Le Nemrod est le genre de bistro de quartier sans prétention qui fait tout bien sans en faire un drame. Niché rue du Cherche-Midi près du Bon Marché, il sert d'copieuxes spécialités auvergnates — charcuterie, tripoux, pounti — aux côtés de classiques du bistro comme le steak tartare, toute la journée, tous les jours (364 jours par an). La terrasse est la vraie récompense en été ; à l'intérieur, ce n'est que bois chaleureux et ambiance détendue.
L'un des rares bistros parisiens servant une vraie cuisine auvergnate — tripoux, pounti, charcuterie — avec un service toute la journée 364 jours par an et une terrasse que les locaux se disputent.
Prenez une table en terrasse avant 12:30 les jours ensoleillés — elle se remplit vite avec les locaux du quartier du Bon Marché.
Confort d'Auvergne et charme de bistro de jour près du Bon Marché
Le Nemrod, c'est le bistro de quartier comme on les aime : sans chichis, avec une carte qui assume ses racines auvergnates. Sur rue du Cherche-Midi, à deux pas du Bon Marché, on vient pour la charcuterie d'Auvergne qui arrive en planches généreuses, le pounti moelleux, ou les tripoux mijotés qu'on ne trouve nulle part ailleurs dans le coin. Le tartare au couteau avec ses frites maison fait aussi partie des classiques qui ne déçoivent jamais — les habitués en redemandent.

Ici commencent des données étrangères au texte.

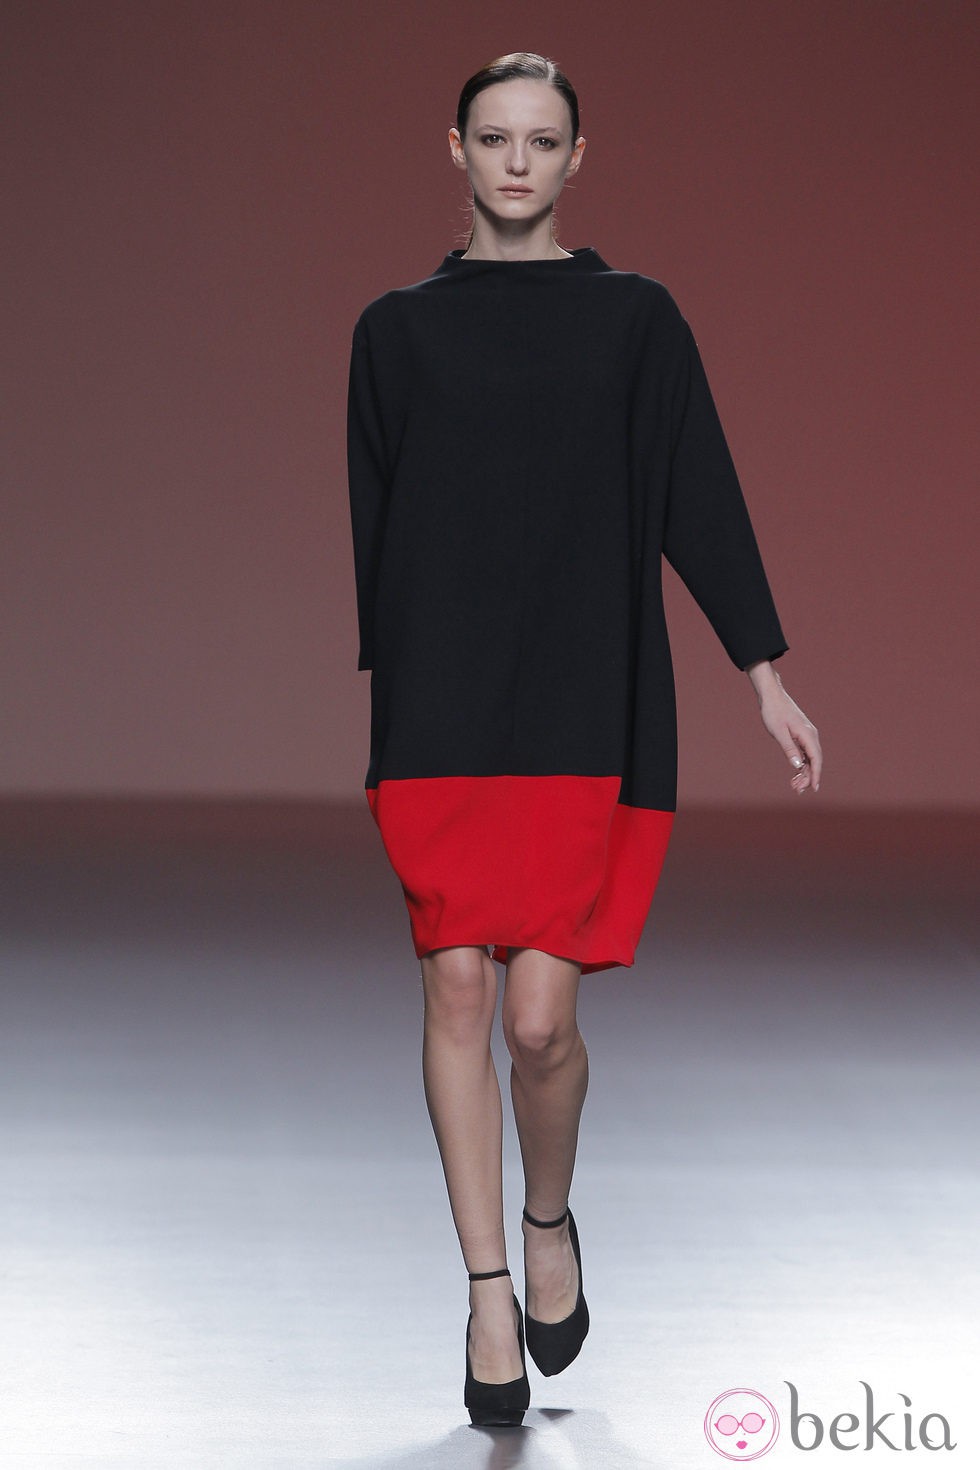 Vestido saco bicolor de la colección otoño/invierno 2013/2014 de A.A. de Amaya Arzuaga en Madrid Fashion Week

Le vrai plus, c'est le service continu, 364 jours par an. Pas besoin de regarder l'heure : à 16h, vous pouvez vous installer pour une planche et un verre de rouge, et personne ne lève un sourcil. La terrasse, elle, est très convoitée dès que le soleil pointe le bout de son nez — mieux vaut arriver tôt. À l'intérieur, tables en bois serrées, lumière chaleureuse, un brouhaha convivial plutôt qu'agressif. Ce n'est pas une table gastronomique, c'est le bistro qu'on aimerait avoir au coin de sa rue.
Franchement, ce n'est pas parfait à chaque fois. Quelques plats peuvent décevoir, et le service a du mal quand la salle est pleine. Mais pour de la cuisine généreuse et sincère, dans un décor qui a l'air d'être là depuis toujours, Le Nemrod tient sa place. On y va pour les spécialités auvergnates, on y reste pour le verre de vin qui suit.